During our training at The Data School, we have done a variety of data analysis and visualisation exercises trying to solve a range of practical business problems. However, the task that may perhaps have challenged us the most was using predictive modelling to solve an HR problem. Nevertheless, the work was exciting, and we were all set to give it our best. Our task was to predict salaries for a given set of employees based on their demographic data such as age, education, marital status, occupation, sex, etc. We were given two files, the first was the training dataset which included salary data among all other attributes while the second file had exactly the same attribute structure as the first but did not contain any salary data.
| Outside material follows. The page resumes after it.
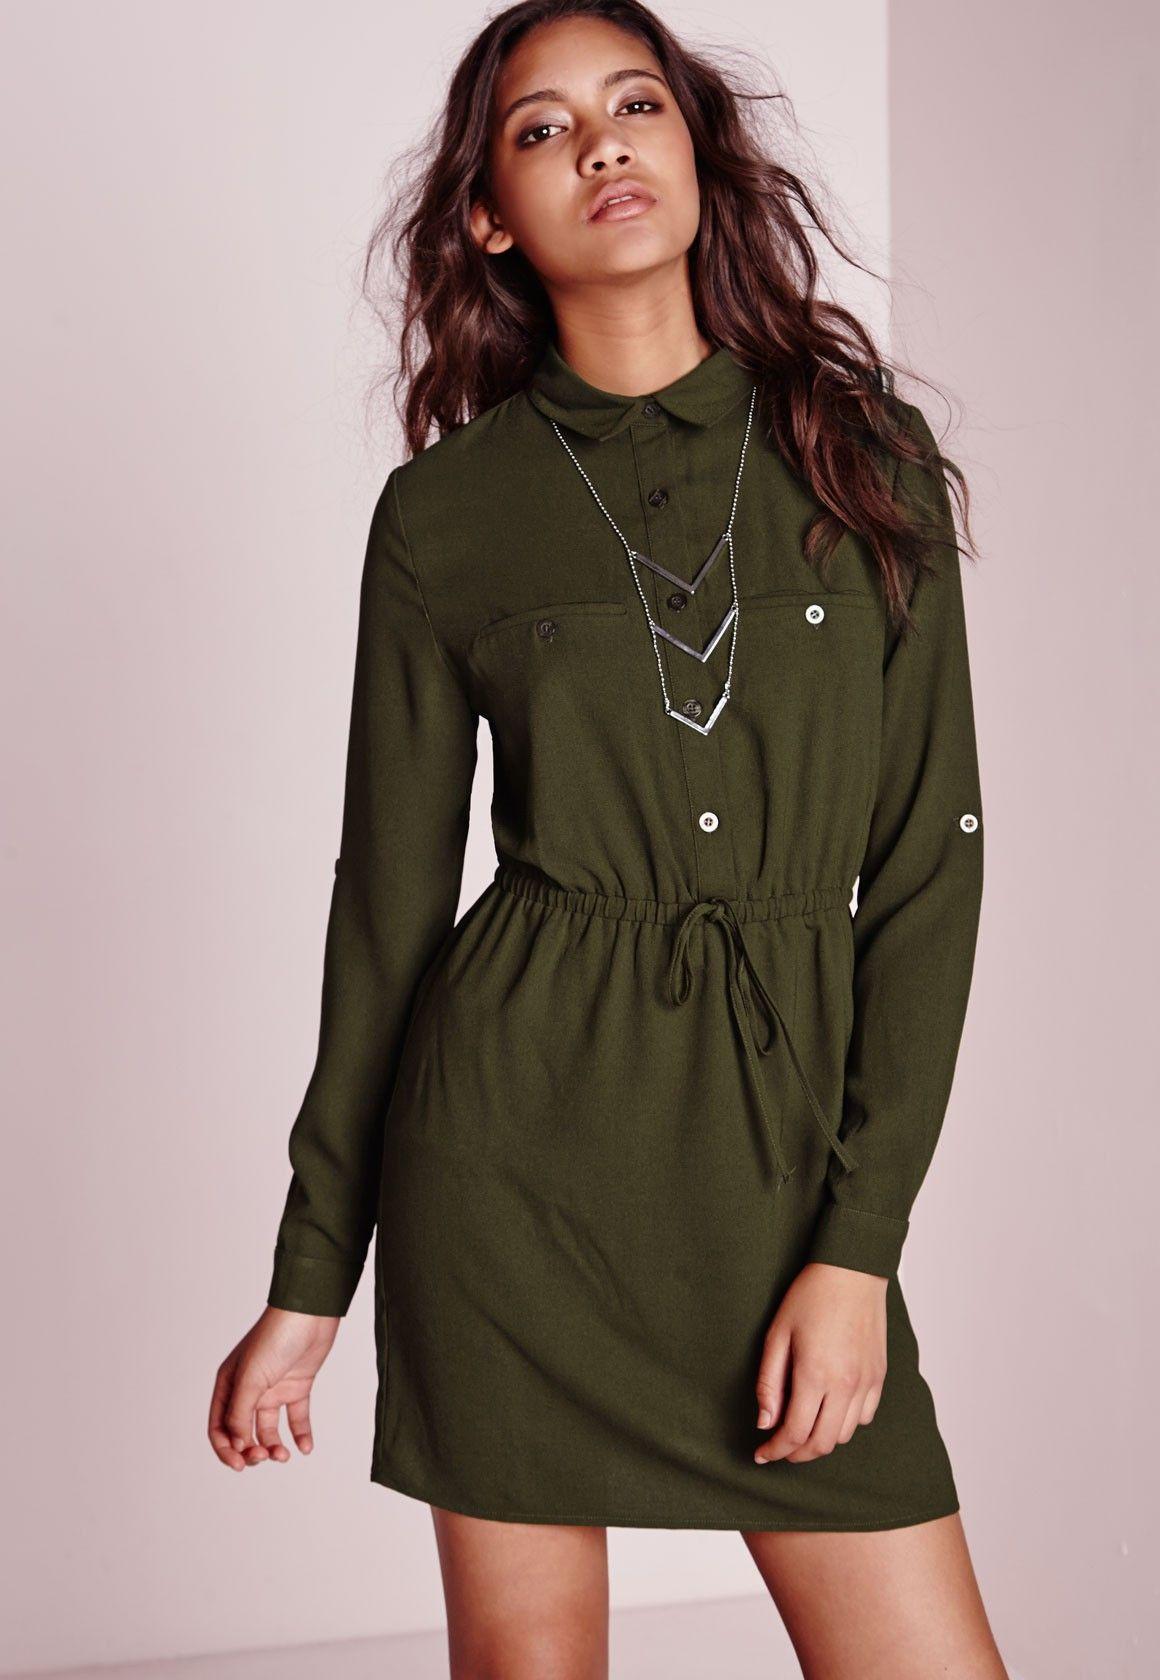 Missguided drawstring waist shirt dress khaki stylemilitary

The values for the salary attribute were supposed to be predicted based using predictive analysis algorithms.
We started the work by taking a detailed look at the training data and doing some preliminary analysis. We then cleaned up the data and performed statistical analysis to identify missing values, means, modes, medians, standard deviation, variances, etc. of some of the numerical attributes. We also tried to identify patterns and basic correlations between two or more data attributes and their impact on the salary. After that, we normalised the data and replaced missing values by appropriate alternatives. We also performed binarization also known as one-hot encoding on a few attributes to prepare the data. In order to make sure the two files were absolutely aligned, we applied exactly the same transformation treatment to the testing dataset.
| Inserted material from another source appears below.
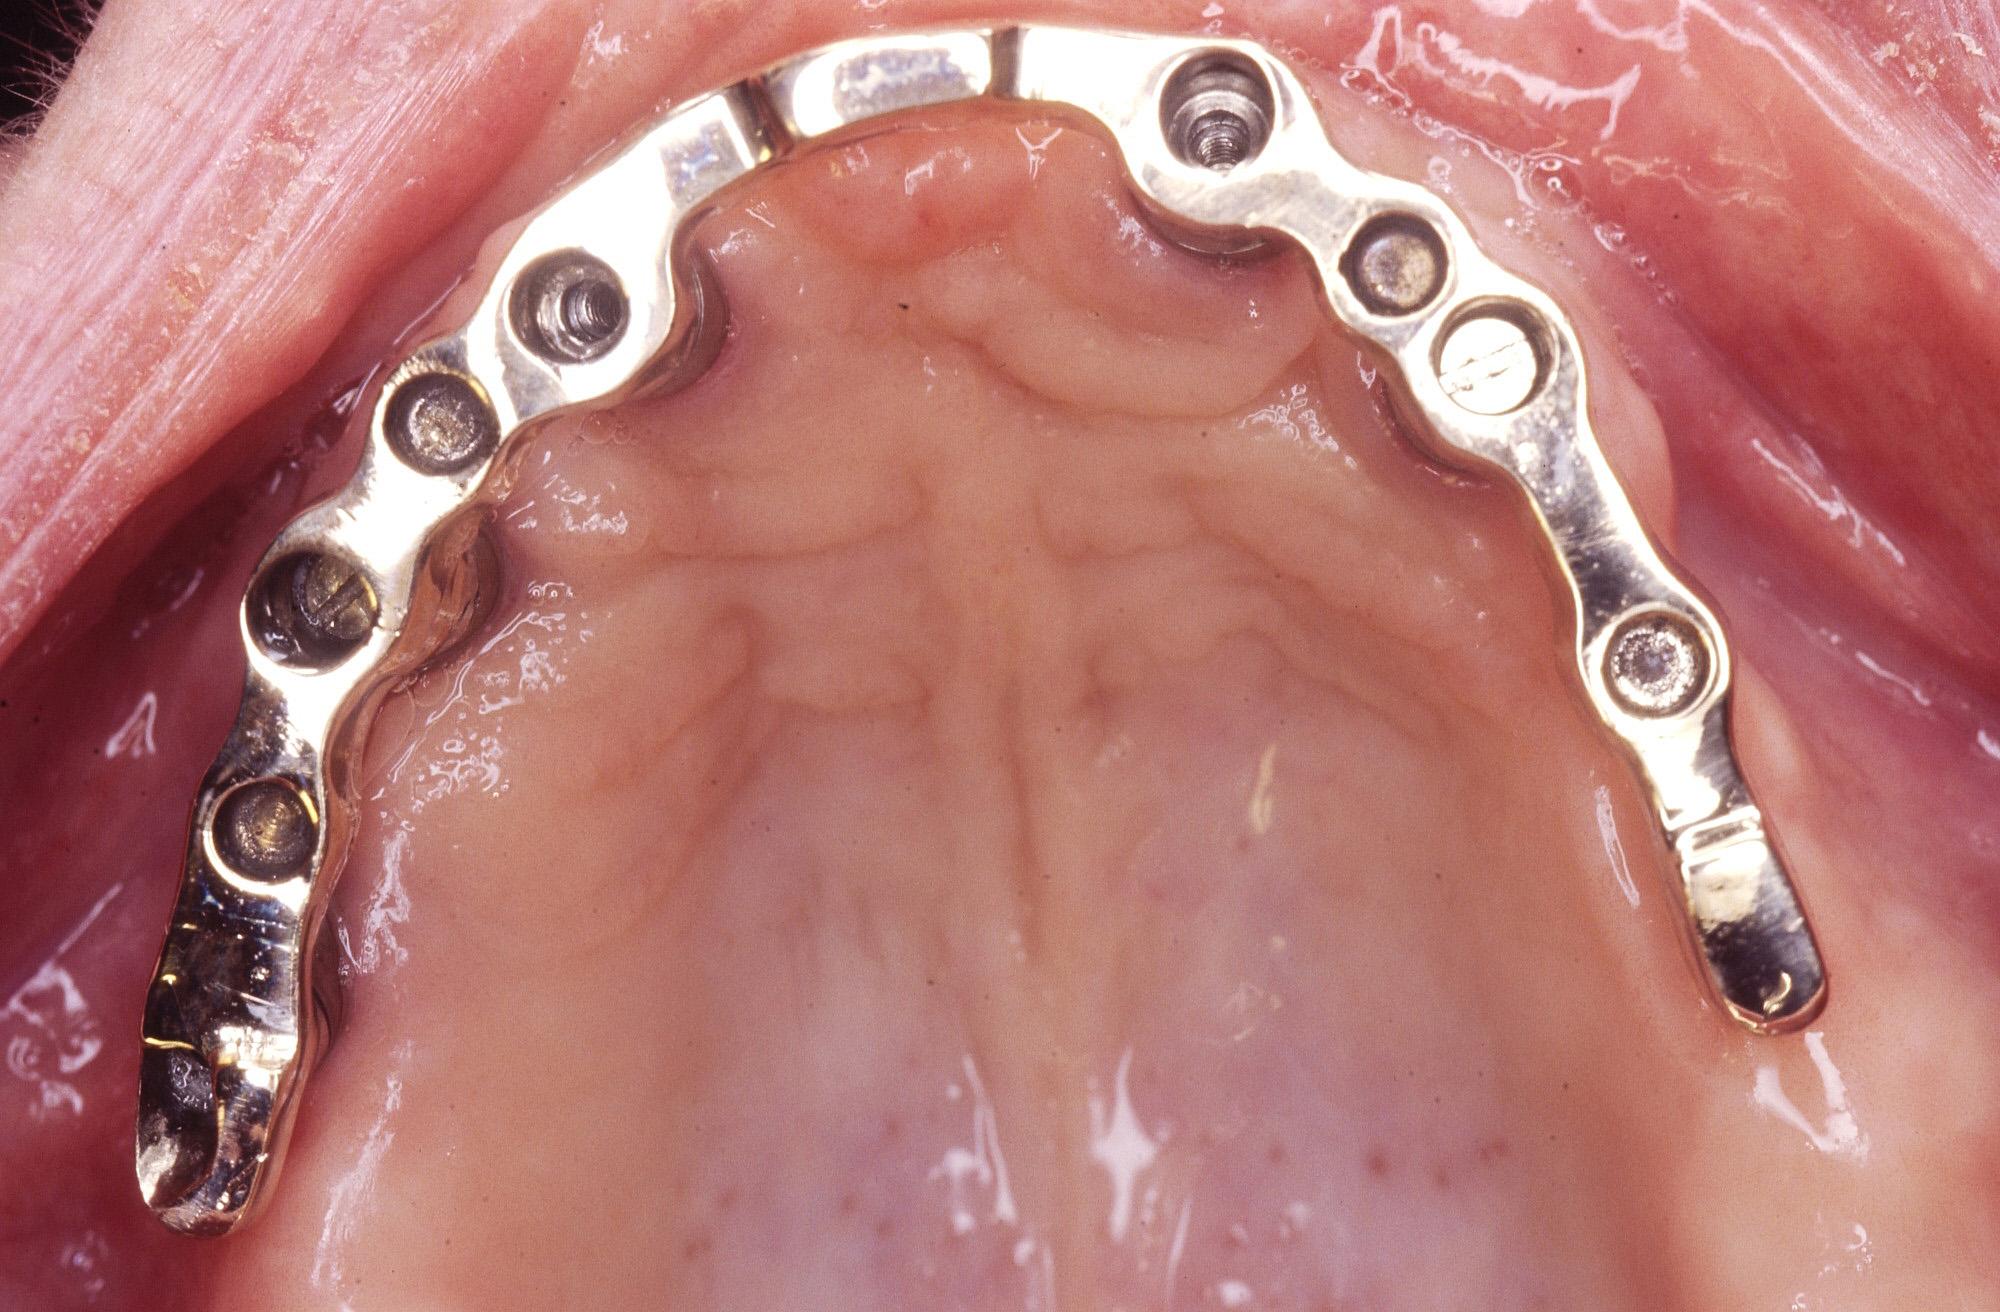 Implant Dentures Complete Northland Prosthodontics

The fun began once the data was ready for further analysis. We applied various different types of machine learning models to the training data set to get the prediction going. We wanted to utilise multiple methods and then select a model based on comparative analysis to obtain the best outcome possible. A few of the models we used for the learning were Random Forest, Boosted, Decision Tree and Logistic Regression. We run multiple simulations of the models by selecting various different input parameters and also filtering out columns or attributes that we felt had a low correlation to the salary attribute being predicted. After multiple iterations we finally found that the Random Forest model provided us the best outcome with an approximate accuracy level of 87%, which was not bad after all the efforts we put in. We applied the model to the test dataset and obtained the missing salary values to complete the task.
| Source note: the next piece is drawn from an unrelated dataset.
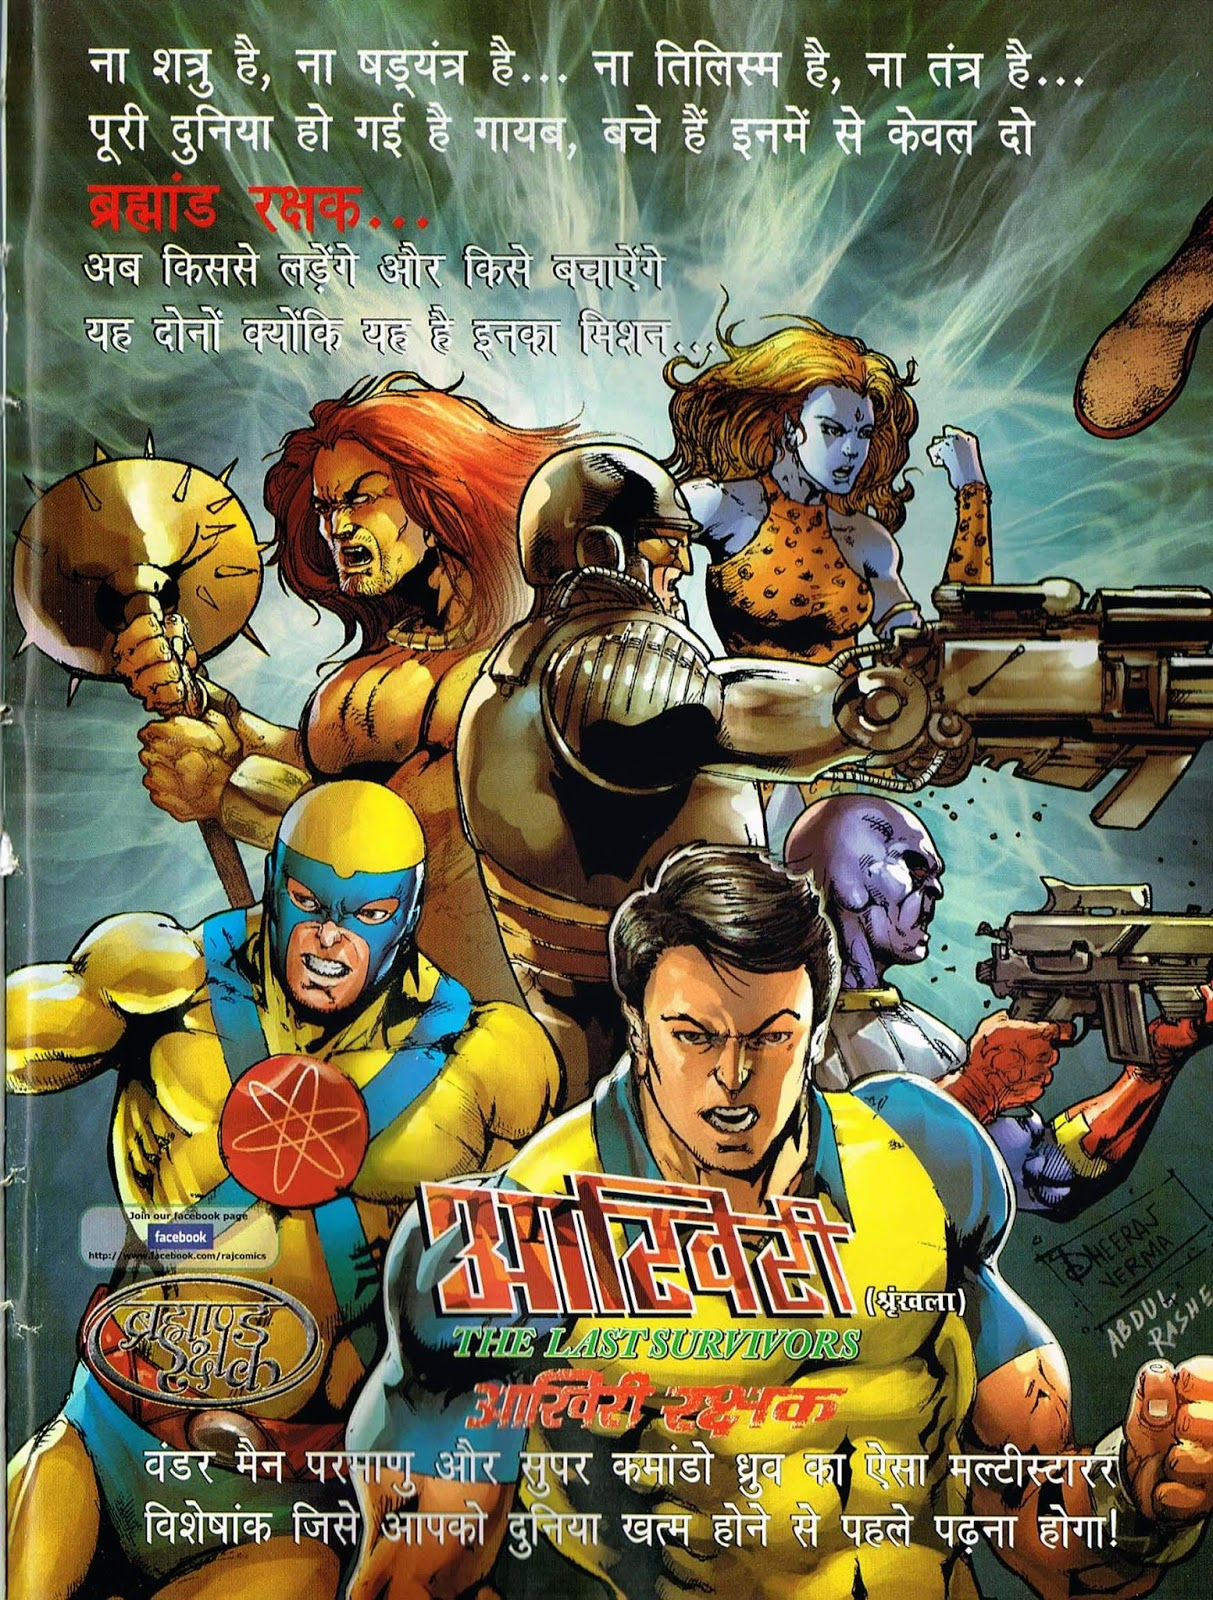 Nagraj takshak download games

The learning through the exercise was incredible although we knew that the knowledge we gained was just a drop in the ocean. One key thing we learnt while using machine learning to do predictive modelling is that the selection of the model is as important as the parameter settings. Also, there was no set formula or a one size fits all approach that works for all problems and situations. The solution, model and approach will depend on the problem, the context and the data available to solve it. Outcomes will also depend heavily on the preprocessing and fine tuning of the models. There is also no doubt that understanding the fundamentals of how different models work and which model might be suitable for which prediction or regression task is quite important to applying machine learning to predict outcomes!